The Somme and its Regeneration

Landscape Features

If you drive through the villages and surrounding countryside today you’ll be struck by its subtle beauty and light. The similarities of England are comforting. The hills are undulating and the woods look inviting. The villages look old and are charming (even though they have all been rebuilt since 1918).

The Sunken Roads of Northern France

On the 1st of July 1916 the 1st Battalion of the Lancashire Fusiliers were photographed in a sunken road, just before their attack. By the end of the day this Battalion had lost (killed) 163 men, 312 had been wounded and 11 were missing, all within a short distance from this road.
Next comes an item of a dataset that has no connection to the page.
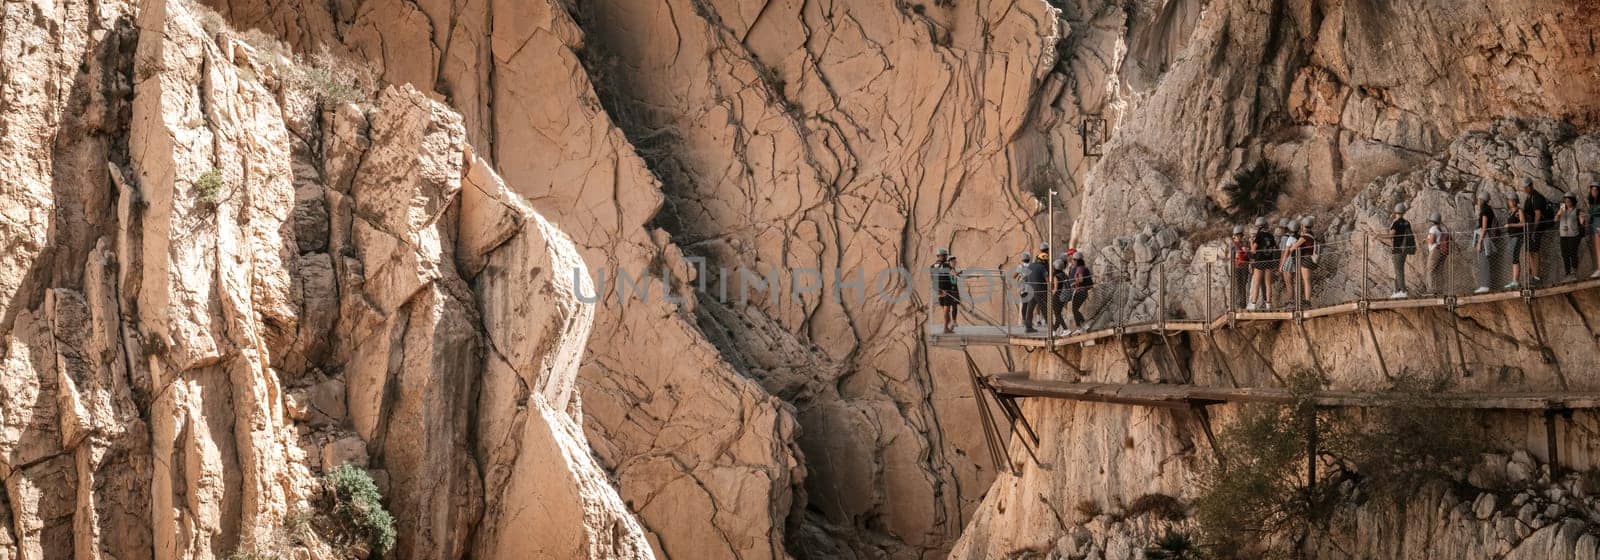 Tourists trek the awe-inspiring King's Pathway Canyon in Malaga, a vertiginous walkway hanging amidst vertical rock walls.

A sunken road is a road or track which is deeper than the land on either side. The sunken roads were heavily usedfor agricultural and it could have been the farmer who constantly dug and cleared the roads that pushed up the soil banks around the roads. Other theories for how the roads were formed include erosion by water and the digging of double banks to mark the boundaries of estates.

These roads become crucial for the troops of all sides during the warfare of the First World War. They provided cover for the men and allowed for shelter on long marches. They became the scenes for many battles and the roads were witness to large numbers of causalities.

This is me standing in the same sunken road by Beaumont Hamel.
"The hollow or sunken road and the steep emblai, or lynchet, are everywhere. One may say that no quarter of a mile of the whole battlefield is without one or other of them. The sunken roads are sometimes very deep. Many of our soldiers, on seeing them, have thought that they were cuttings made, with great labour, through the chalk." John Masefield from The Old Front Line

The Craters

The Lochnagar Crater 2013

The Craters near La Boisselle and Beaumont-Hamel are well documented but only two remain in evidence today. The large crater called Y-Sap was filled in when farmers wanted to reclaim the field. The bigest crater at La Boisselle is now called the Lochnagar Crater. On the 1st July 1978 Richard Dunning was handed the 'deeds' to the Lochnagar Crater in an informal ceremony at the site. Interestingly, in 1972 Mr Dunning was reading John Masefield’s, The Old Front line when he must have had an epiphany and decided he wanted to own a bit of the Somme Battlefield.

The crater gets its name because in 1915, when the British troops took over the trenches from the French Army at La Boisselle, there was a battalion called the 7th Gordon’s, formed mainly from Deeside. An officer went round naming all the trenches after familiar landmarks and towns. Lochnagar was the name of the mountain not far from Balmoral.